You just fill in the numbered items with what you’re testifying to. Auby, my girlfriend, filled out the declaration with the facts that she was traveling to Dallas on the date of the hearing. The judge granted the request, but the declaration was attached to the reissued restraining order and was now part of the document that required it to be served to Jackass the stalker. This meant that we would be serving him with proof that we would be in town. Ah well. So much for that plan.
I was also pondering acquiring a firearm for the holidays, but was never like having the combination of firearms and children around. If I did pick one, I’d half to favor one such as a Beretta 9mm which has three safeties. There have been incidents where a police officer loses his firearm to a perpetrator, but the perpetrator could not work the safeties on the gun and instead threw the gun down and fled. You don’t read of those kind of incidents happen with something like a Glock 9m, which has no safeties. In fact, here’s a video of a police officer shooting himself in the foot with his own Glock; safeties are a good thing.

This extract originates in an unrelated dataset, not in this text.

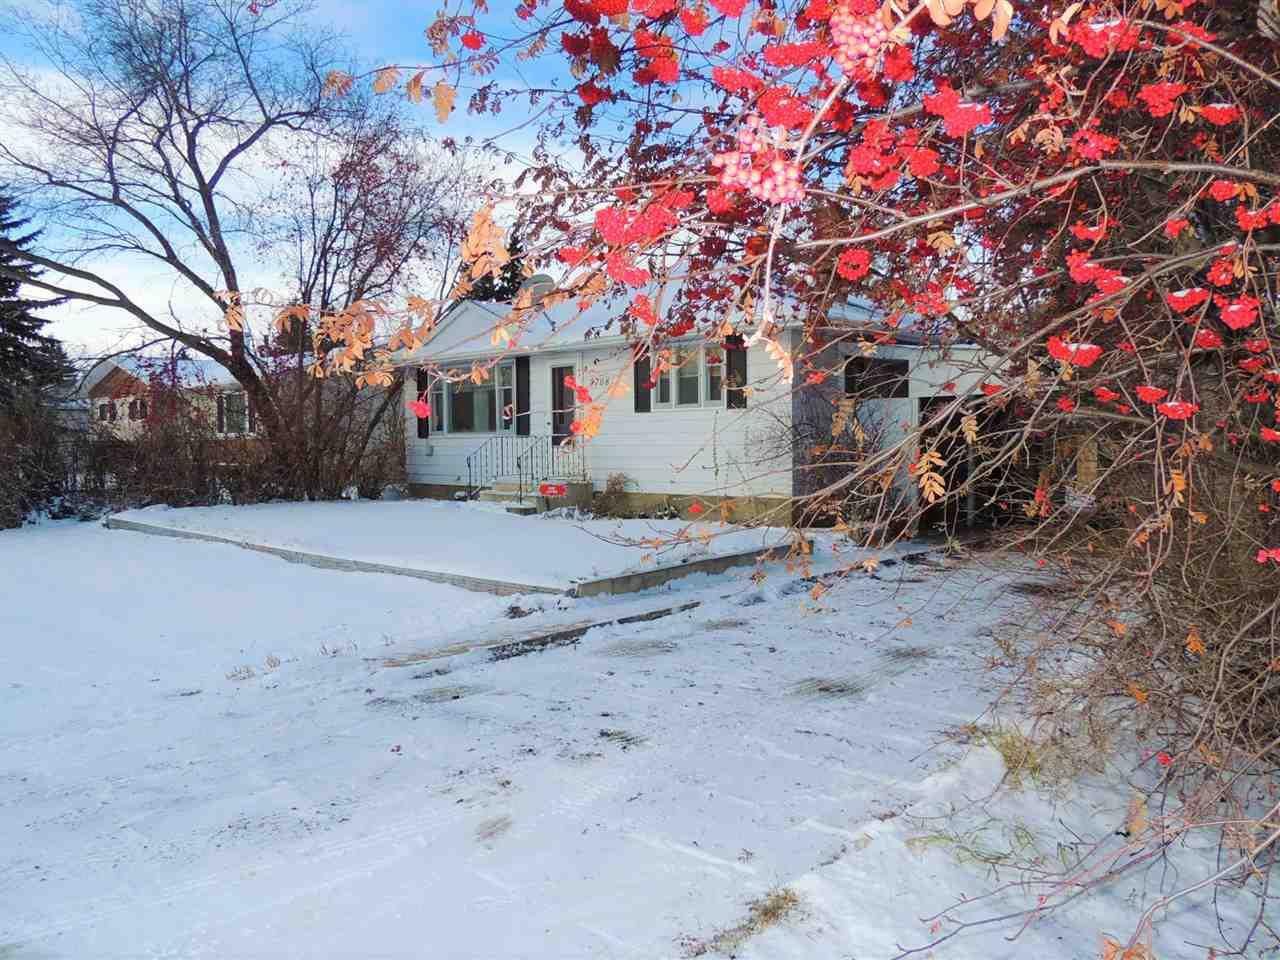 Main Photo: 4708 51 Avenue: Waskatenau House for sale : MLS®# E4135338

Firearms are ultimately rather risky devices. They can be useful in repelling attackers, but also cause unintended harm and even death. I decided against retaining a firearm because I weighted the remote possibility of unintended harm outweighing the also remote possibility of actually being attacked by Jackass the Stalker. In making this decision, I might be somewhat prejudice because I had my own incident with a firearm growing up. A 12-gauge shotgun was accidentally discharged in my direction as I walked across the room. I felt the blast against my back as it rushed past me, and bore through the kitchen cabinet door. The blast went on to bore a hole through the three of the thin-separator walls of the trailer we stayed in when we were hunting. I got lucky.
I didn’t want to take another chance, so I opted to just to trust in the cowardice of the person who was threatening me. Not that I didn’t first try other resources. Auby and I stayed in touch with the police at the university Jackass was attending. The first time we called in to the police we informed them that one of their students had violated his retraining order. This prompted the police department to open an investigation into the doings of Jackass, and that meant that one particular police office had been assigned to the case. This officer became our point of contact with the university police.
The officer in question had actually spoken with Jackass; he had gotten spooked when he first got served by the restraining order and took it upon himself to go talk to the police to tell them that he was completely innocent of what he was obviously guilty of. That was actually a really bad move on his part, because lying to authorities is a felony- just ask Martha Stuart. Not that he has been arrested and charged with one, but he just dug himself deeper into a hole by going to the police of his own accord and lying to them. In so doing, he committed a crime far more serious than the one he was trying to avoid. He also merely served to arouse the suspicions of the officer in charge of the case.
We started a relationship between the officer in charge of the case and ourselves. We continued to document when he would contact us and we would always forward this information to the officer in charge. He seemed to want to make an arrest of get a subpoena to confiscate his computer and have it reviewed by a computer expert, by all the district attorneys involved seemed to busy to waste the their time on this case. That’s a shame, because it would have been nice to have Jackass confronted by the police and found out for the liar that he is. As it was, I merely had to place my faith in the cowardice that I knew ran deep in him. It had always been part of his modus operandi to be meek in person but say horrible thing over the internet. I could see no reason why now would be any different.
Christmas was wonderful. Jackass contacted us several times and, in cooperation with law enforcement, we encouraged him to reveal himself more and more. We put this evidence in a useful format so that Auby could readily refer to the parts she needed when the hearing arrived. On that fateful day, Jackass was a no show- as we had well expected. In the case where only one of the parties shows up, the court almost always sides with the other party, and so it was with us. Our temporary restraining order was made into a permanent (well, 2 years anyway) protective order.
The next step is to get this California Protective Order domesticated into the State of Texas so that his name will be entered into the Texas law enforcement databases. I’ll let you know how that proceeds.